Step4. 修正 build file 让我们能够把一切的 jar 檔, 封装到同一个 jar 档里面

/home/evanshsu/spring/samples/wordcount vim build.gradle

[code=php]

description = 'Spring Hadoop Samples - WordCount'

apply plugin: 'base'
apply plugin: 'java'
apply plugin: 'idea'
apply plugin: 'eclipse'

repositories {
flatDir(dirs: '/home/evanshsu/springhadoop/lib/')
// Public Spring artefacts
maven { url "http://repo.springsource.org/libs-release" }
maven { url "http://repo.springsource.org/libs-milestone" }
maven { url "http://repo.springsource.org/libs-snapshot" }
}

dependencies {
compile fileTree('/home/evanshsu/springhadoop/lib/')
compile "org.apache.hadoop:hadoop-examples:$hadoopVersion"
// see HADOOP-7461
runtime "org.codehaus.jackson:jackson-mapper-asl:$jacksonVersion"

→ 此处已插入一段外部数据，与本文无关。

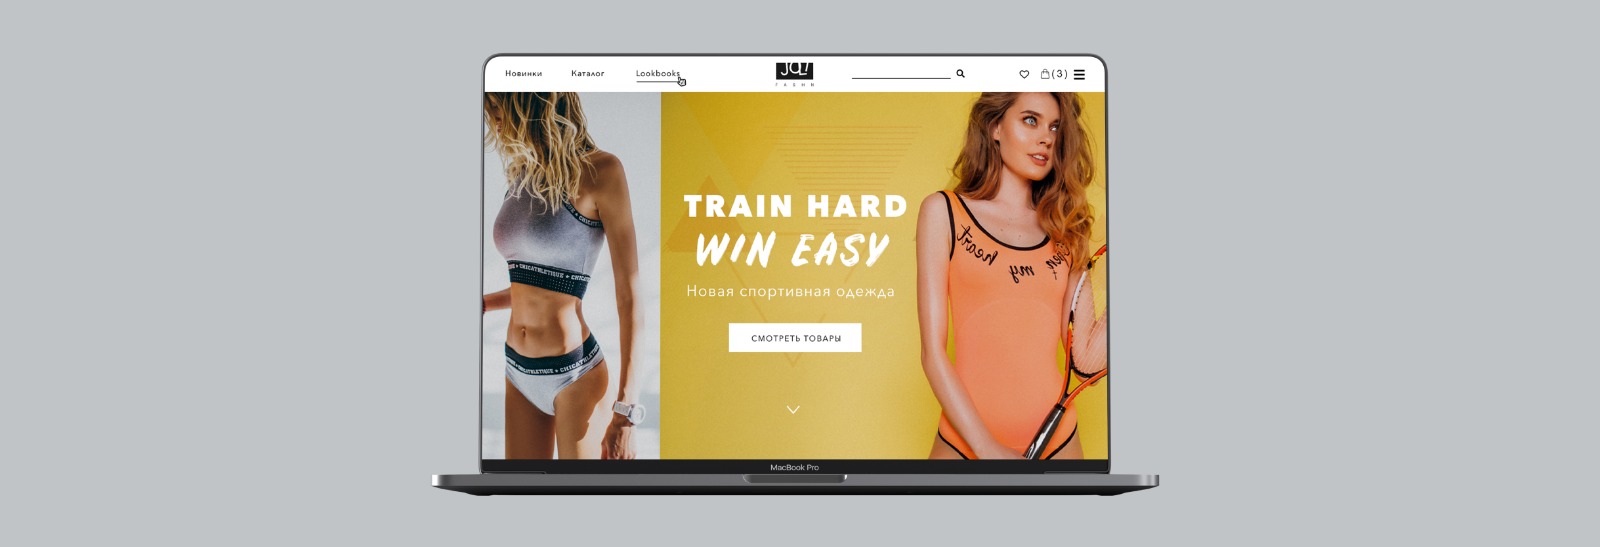 Концепция интернет-магазина спортивной одежды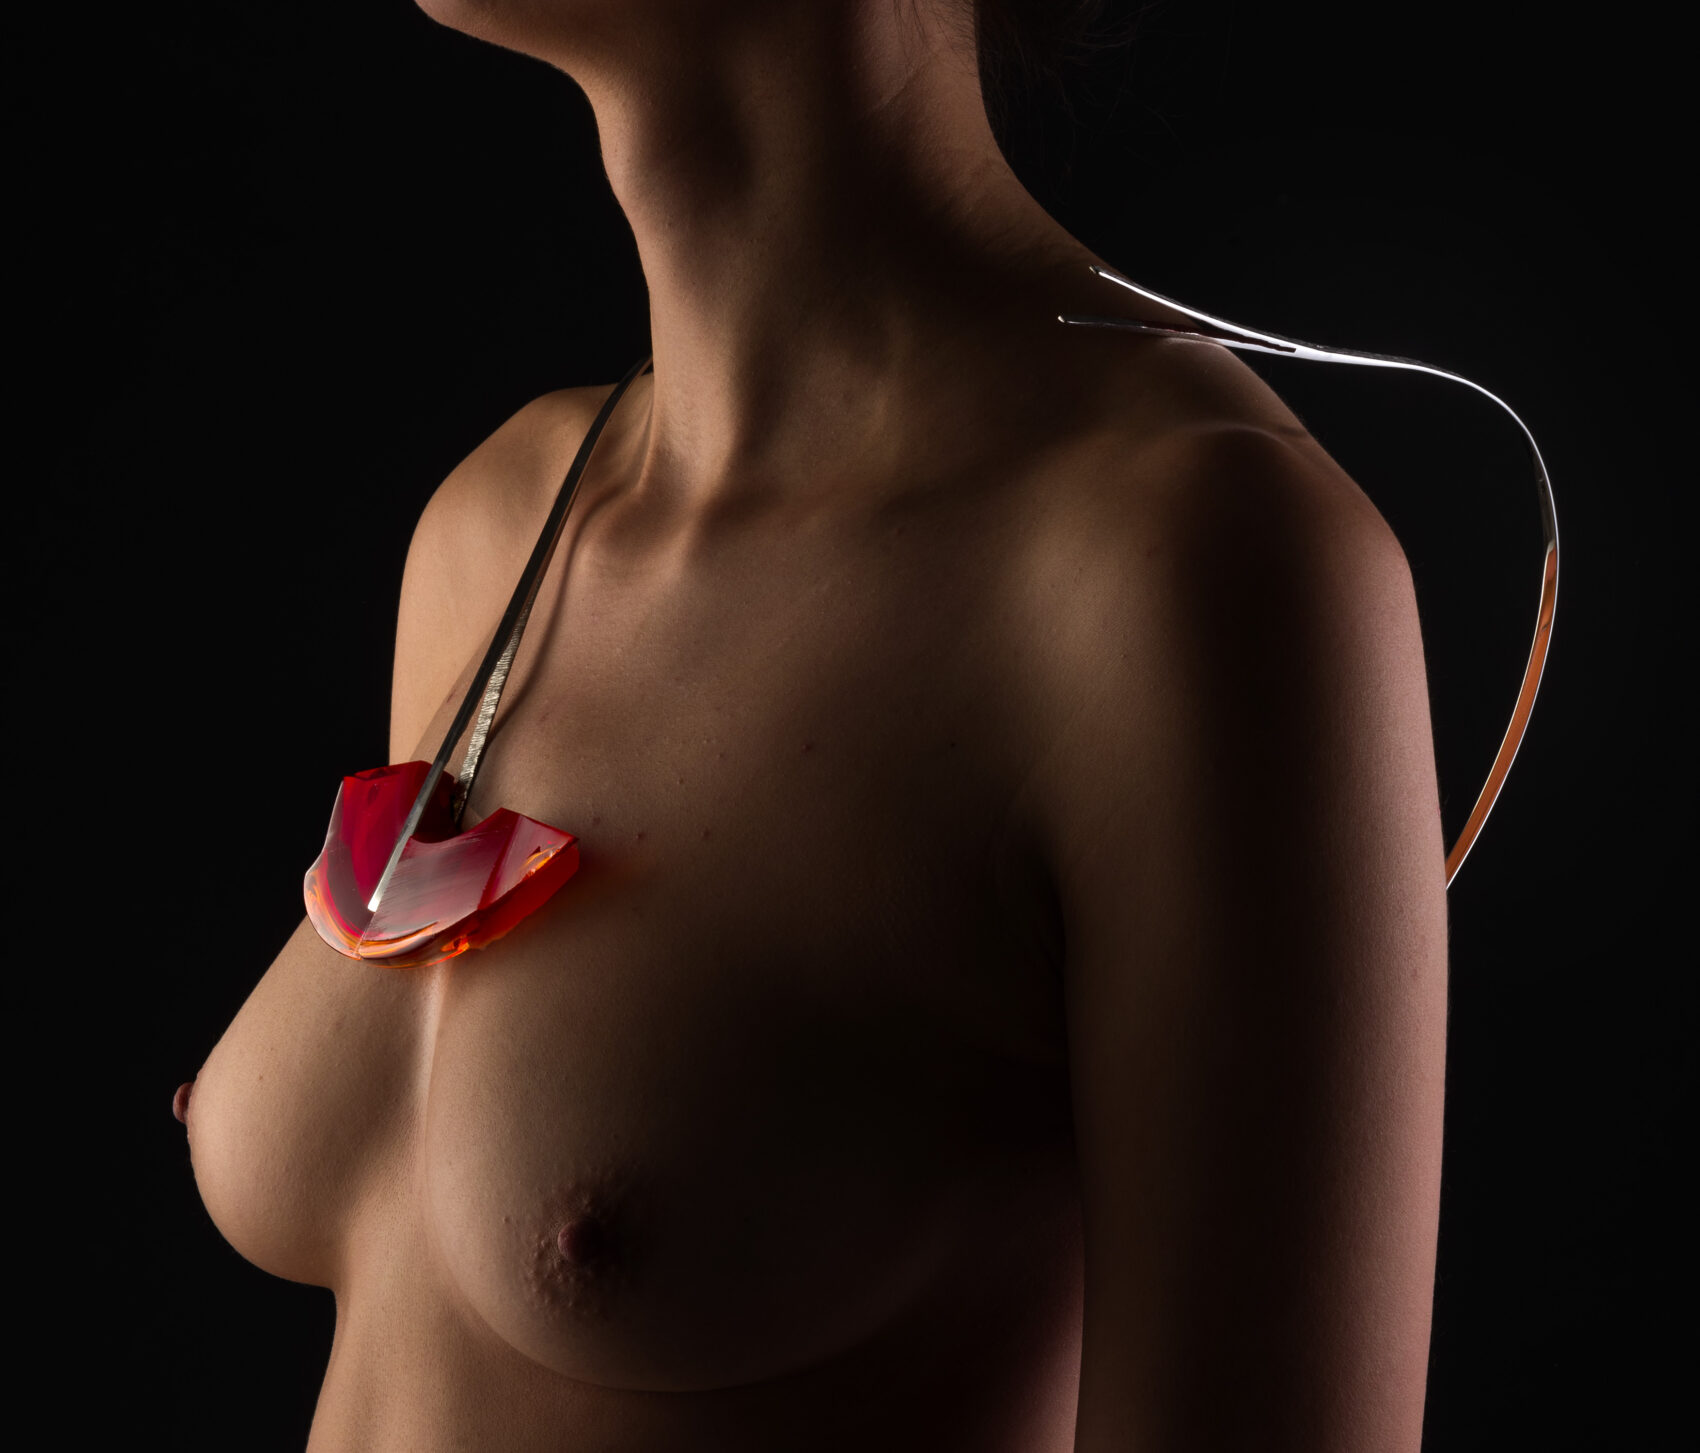 Červený skleněný náhrdelník na nahé ženské hrudi

testCompile "junit:junit:$junitVersion"
testCompile "org.springframework:spring-test:$springVersion"
}

jar {
from configurations.compile.collect { it.isDirectory() ? it : zipTree(it).matching{
exclude 'META-INF/spring.schemas'
exclude 'META-INF/spring.handlers'
} }
}

[code/]

Step5. 这边有一个特殊的 hadoop.properties 主要是放置 hadoop 相关的设定数据.

根本上我们要把 wordcount.input.path wordcount.output.path 改成之后执行 wordcount 要运用的目录,　而且wordcount.input.path 里面记得要放几个文本文件

另外, 还要把 hd.fs 改成你 hdfs 的设定

假如你是用国网中心 Hadoop 的话, 要把 hd.fs 改成 hd.fs=hdfs://gm2.nchc.org.tw:8020

/home/evanshsu/spring/samples/wordcount vim src/main/resources/hadoop.properties

[code=php]

wordcount.input.path=/user/evanshsu/input.txt
wordcount.output.path=/user/evanshsu/output

hive.host=localhost
hive.port=12345
hive.url=jdbc:hive://${hive.host}:${hive.port}
hd.fs=hdfs://localhost:9000
mapred.job.tracker=localhost:9001

path.cat=bin${file.separator}stream-bin${file.separator}cat
path.wc=bin${file.separator}stream-bin${file.separator}wc

input.directory=logs
log.input=/logs/input/
log.output=/logs/output/

distcp.src=${hd.fs}/distcp/source.txt
distcp.dst=${hd.fs}/distcp/dst

[code/]

Step6. 这是最重要的一个配置文件, 有用过 Spring 的人都晓得这个配置文件是Spring 的灵魂

/home/evanshsu/spring/samples/wordcount vim src/main/resources/META-INF/spring/context.xml

xmlns:xsi="http://www.w3.org/2001/XMLSchema-instance"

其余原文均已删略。